In article <6243@hubcap.clemson.edu> boulder!boulder!adamb@ncar.UCAR.EDU (Adam 'Velvis' Beguelin) writes:
>If you knew a parallel program was determinate or nondeterminate
>before you ran it, then it would make writing and 
>debugging the program easier.

(Hi Adam!)  I'm not sure what you mean by easier to write, since you
would do that before you ran it, but since most of your other comments
address debugging, so will I.  

>If the program was determinate you would know that errors produced by
>the program were not an artifacts of race conditions in your program.

You would also know that you could rerun the program within a debugger
and observe it closely without altering its behavior.

>If you knew that the program may be nondeterminate, you could look
>to those portions of the program which may cause nondeterminacy
>to see if these sections of the code contribute to the incorrectness
>of the computation.

...and if a run-time system knew which portions of the program could
allow nondeterminacy, just the results of those non-determinate choices
could be traced, yielding enough information to replay the entire
execution within a debugger while forcing the same behavior.

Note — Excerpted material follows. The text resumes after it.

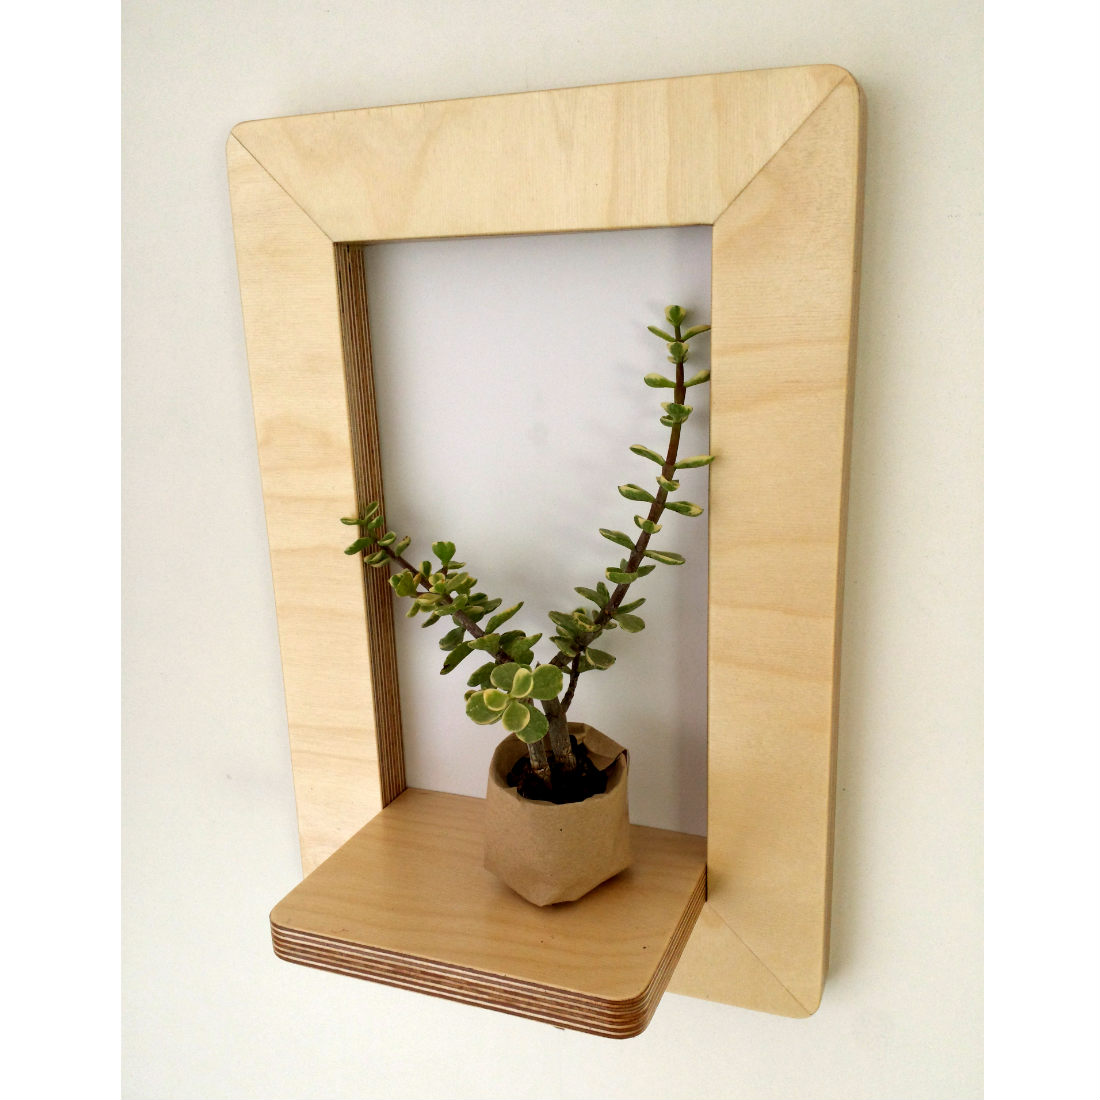 Marco Frame Shelf Homeware Furniture And Gifts Mocha

>If you expected the program to be determinate 
>and were told that it was nondeterminate, this would also be 
>useful information.

This is the real heart of the matter.  In most languages and models,
non-determinacy is an emergent phenomenon:  it's not specified
by the programmer in any one place, but rather creeps in based on how
everything works together, usually unnoticed by the programmer.  Yet,
the programmer *knows* whether the program *should* be determinate or
not, based on the problem specification.

>Also related to determinacy, some languages (i.e. functional languages)
>enforce determinacy, while most parallel languages do not.   Enforcing
>determinacy restricts the number of computations one may easily express.

A non-deterministic choice is one where the program does not specify
which choice is to be made.  (Thus, in my opinion, the concept of "fair
non-determinism" is confused.)  It does not mean that a choice will be
made in such a complex, pseudo-random way that the user will not be able
to guess how it was made, but this is the best that a functional language
can do when the problem statement includes non-determinacy.

There is an implicit assumption that the computer will make the choice
which can be acted on the soonest, even though this is not really part
of the definition of non-determinacy.)

>Does the average Joe parallel programmer need the ability of writing
>nondeterministic programs?  Would he be better off with a language
>that encouraged or enforced determinacy, even though the set of computations
>expressible in such a language may be smaller?

He/She needs nondeterminism if maximum performance is desired from a parallel
computer, and most people would agree that this is kind of important.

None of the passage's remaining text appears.